Nuestra vida volvió a la normalidad
después de aquel suceso, aunque no por mucho tiempo.
Después de una semana, soy arrastrada
hasta la parte trasera de otra furgoneta, y, esta vez, mi madre no va conmigo.
Grité, la llamé, aullé, lloré, rogué
por que me dejaran volver a su lado. En vano. El coche arrancó y no regresó.
Después de ese día, jamás volví a ver a mi madre. Ni una sola vez.
Al cabo de un rato que se me hizo
eterno, la furgoneta se detuvo y me permitieron salir. Pero me encontraba en un
sitio completamente diferente. Sin dejarme tiempo apenas para echar un leve vistazo
a mi alrededor, me condujeron a una de las casas que ocupan la interminable
calle asfaltada.

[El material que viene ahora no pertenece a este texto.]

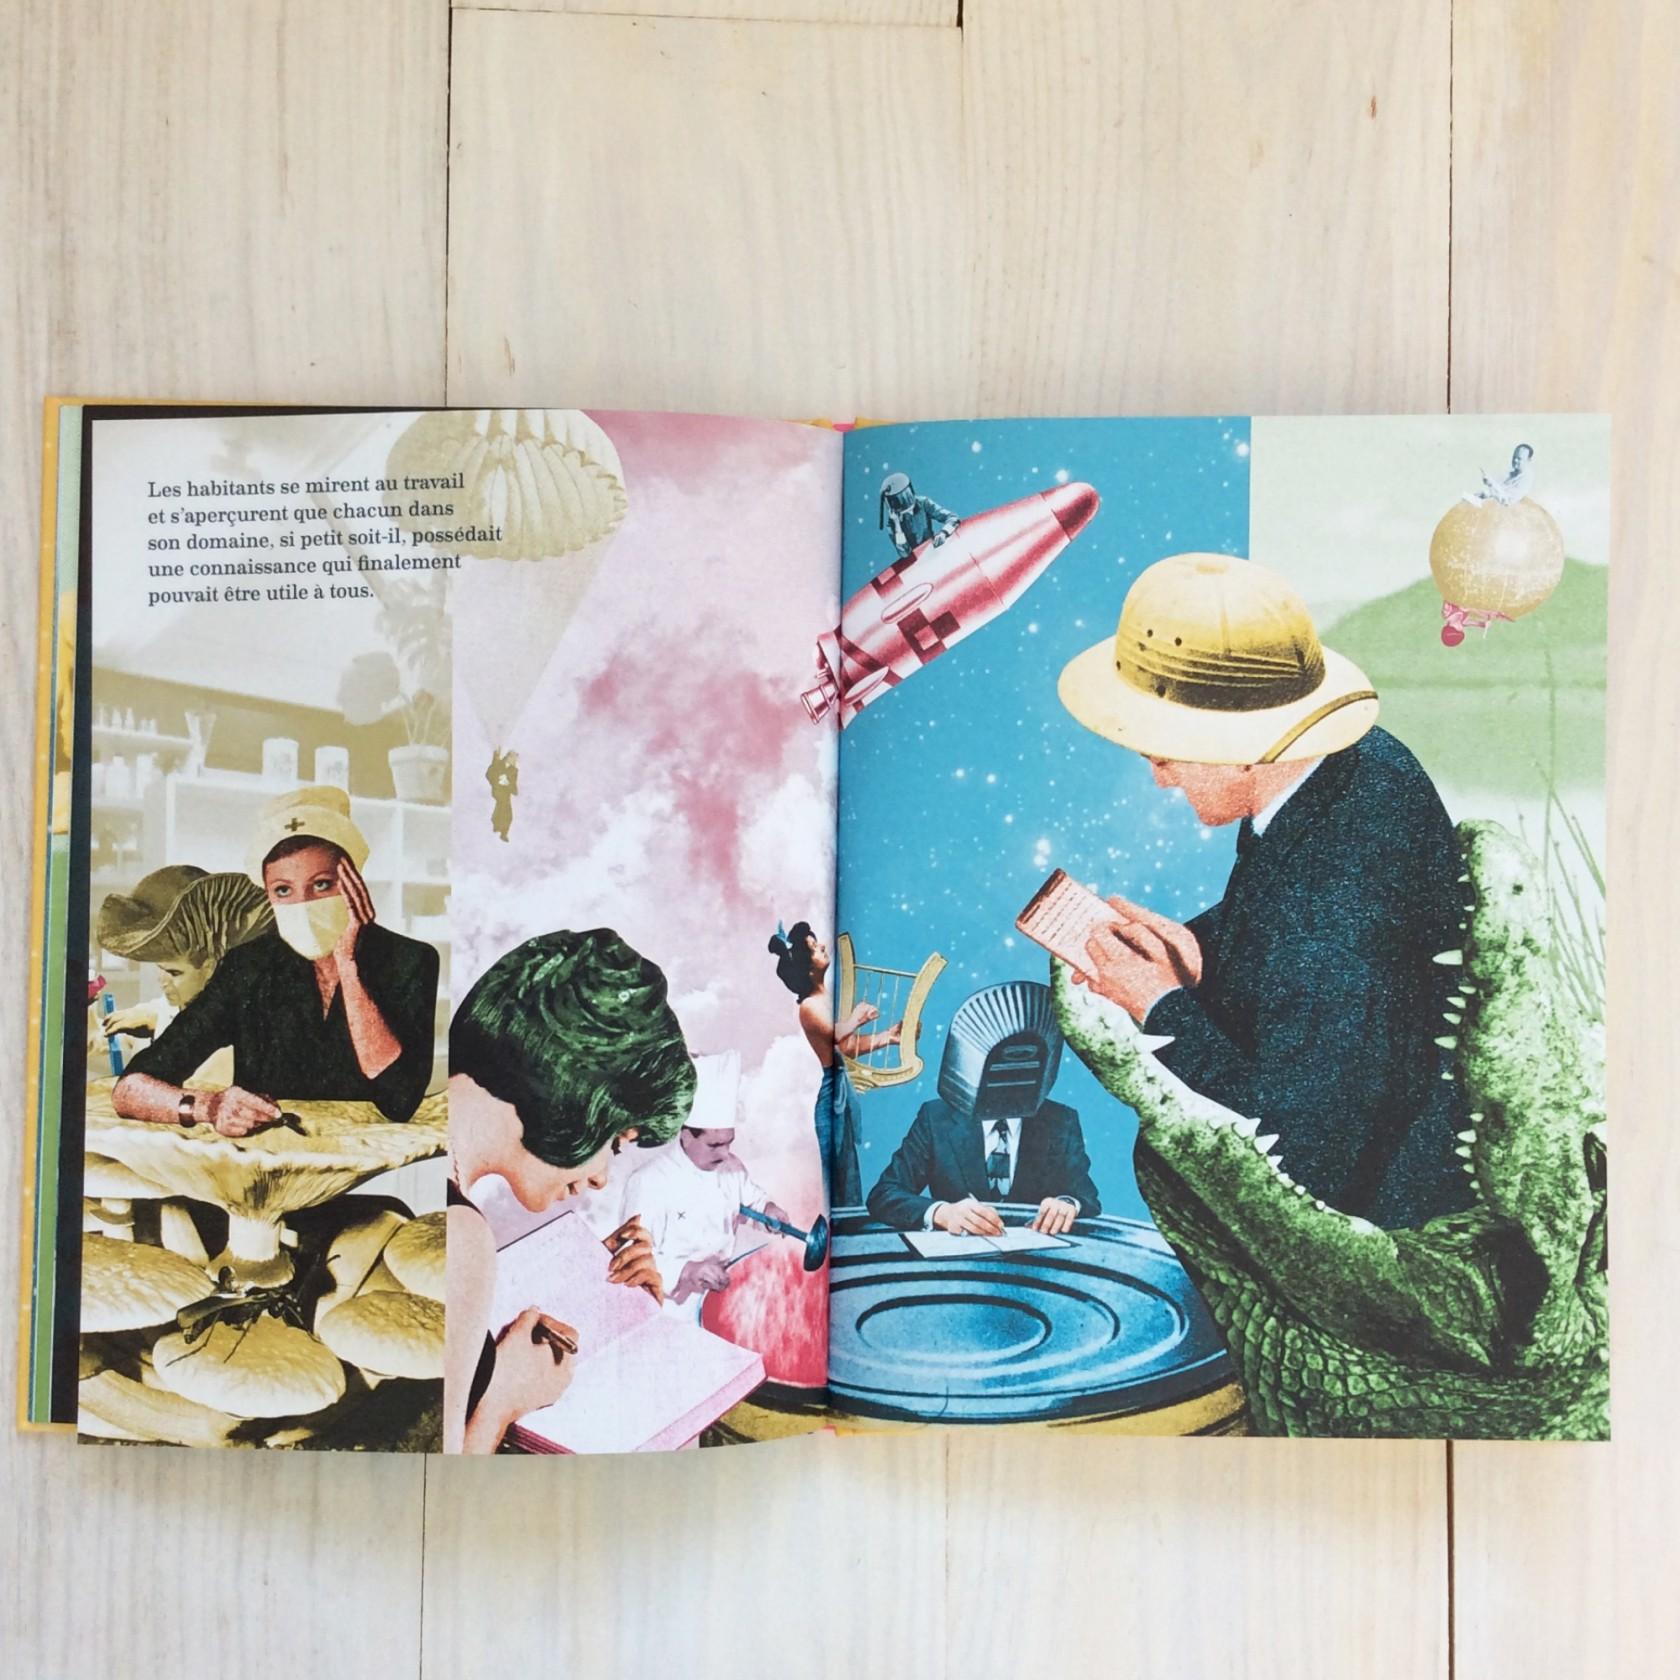 fouinzanardi -  fz_print.books_lesfourmsirouges7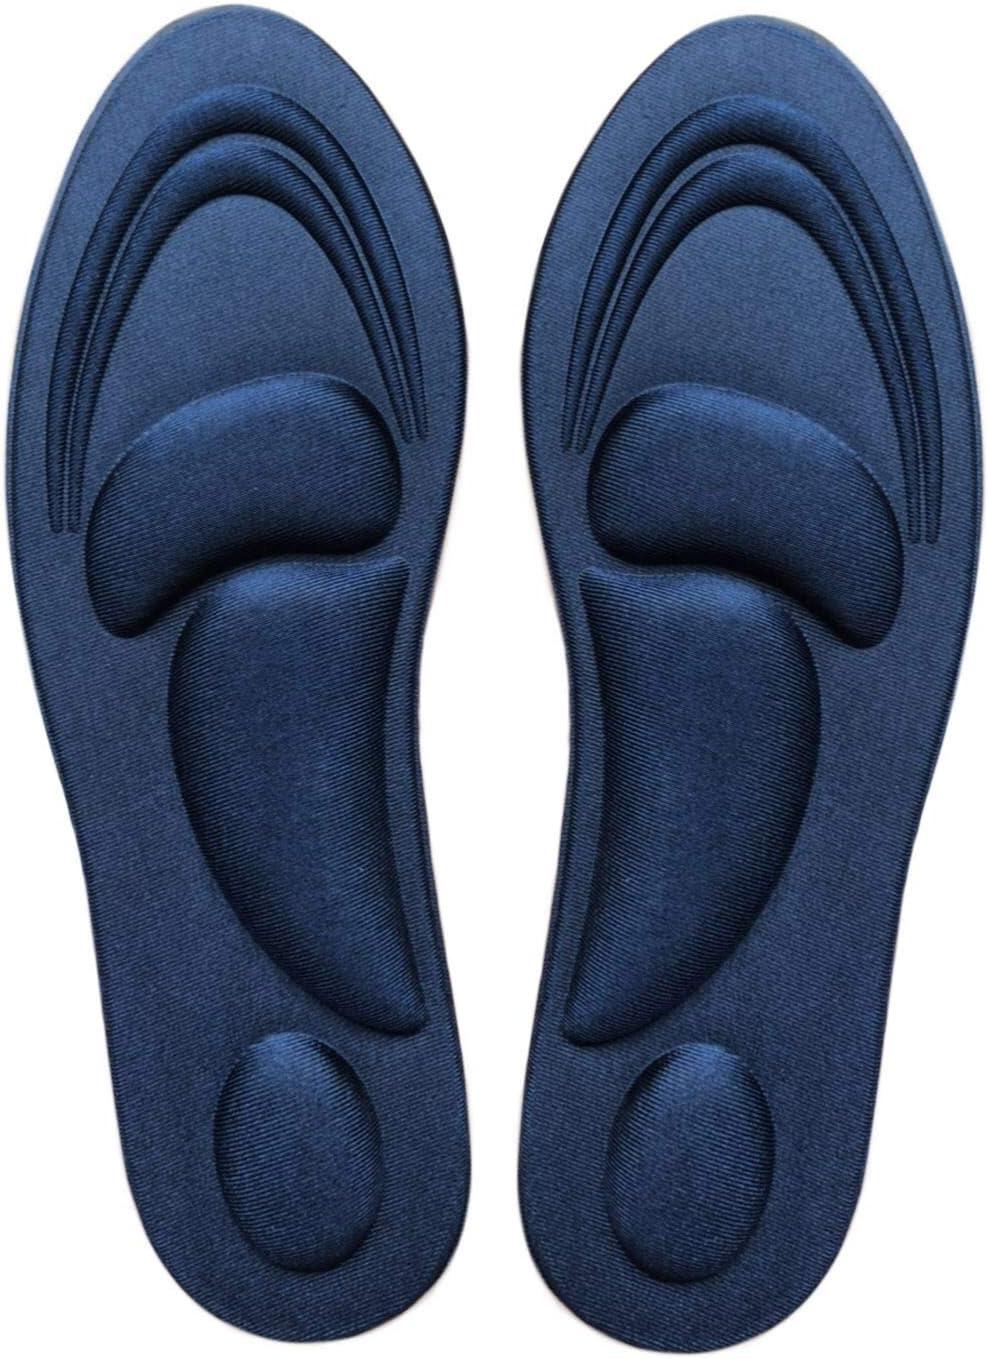 1Pair Memory Foam Shoe Insoles Trainer Foot Care Comfort Relief Pain Cushio O8Y2

Allí, me recibió una mujer que se parecía a la de mi antiguo
hogar, también muy simpática.
Está conmigo un rato y luego me deja
encerrada en el garaje. No hay luz y me siento sola. El miedo consigue que mis
esfínteres se relajen.
Más tarde, alguien abrió la puerta y me
encontré cara a cara con las mismas personas que me habían visitado hacía una
semana en mi parcela. Me puse muy nerviosa; de pronto, las cosas sucedían con
demasiada rapidez y no me daba tiempo a asimilarlas.
Y otra vez lucían esa sonrisa amable y
cariñosa. Pero yo lo único que quería era volver con mi madre.
Me pusieron un collar al cuello y
ataron una cuerda a él; luego, me llevaron a rastras fuera de aquella casa.
De nuevo estoy en la parte de atrás de
un coche y de nuevo este se empieza a mover.
¿Cuántas veces más me iban a trasladar?
¿A dónde iría ahora?
A pesar de mis miedos y mi
incertidumbre iniciales, esta gente no estaba tan mal. Eran buenos conmigo; me
daban de comer, me regalaban juguetes, me llevaban de paseo y me dejaban jugar
con quienquiera que me encontrase por la calle o en el parque. Se preocupaban
por mí. Aunque se enfadaban cuando orinaba donde no debía o cuando me alejaba
corriendo demasiado. Y hubo un tiempo en que me llevaban mucho a un sitio donde
había un señor que no dejaba de toquetearme y mirarme todo el cuerpo; creo que
era por mi bien, pero me molestaba.
Lo que no me ha gustado nada es algo
que hicieron unos años atrás conmigo, con mi cuerpo. Eso de abrirme la tripa y
empezar a quitarme órganos para que no me reprodujera.
Creo que, en el fondo, ellos no querían
someterme a semejante operación. Pero, al parecer, no tenían opción. Al
parecer, venía en el contrato de adopción de cachorros.
Después de eso, el problema derivó en un
seroma del tamaño de un puño que esperaban que se reabsorbiera por sí solo al
cabo de un mes, y, mientras tanto, tuve el juego restringido porque no podía
hacer ejercicio en exceso por si la cosa se ponía fea.
Anoche soñé con mi madre; la de verdad,
no la adoptiva. Poco a poco me he ido olvidando de ella, y a veces, su recuerdo
me asalta en sueños. Una vez oí que también la habían adoptado otras personas.
¿Qué estará haciendo ahora? ¿Se acordará de mí? ¿Me echará de menos como yo a
ella? No puedo evitar un estremecimiento.
Mi cuerpo se agarrota al pensar que
hemos sido creados exclusiva e injustamente para proporcionar compañía y
servicio al ser humano. Y, a pesar de ello, a pesar de estar siempre a su
disposición, todavía hay perros abandonados, maltratados y lacerados que se
hallan solos en algún lugar de este mundo.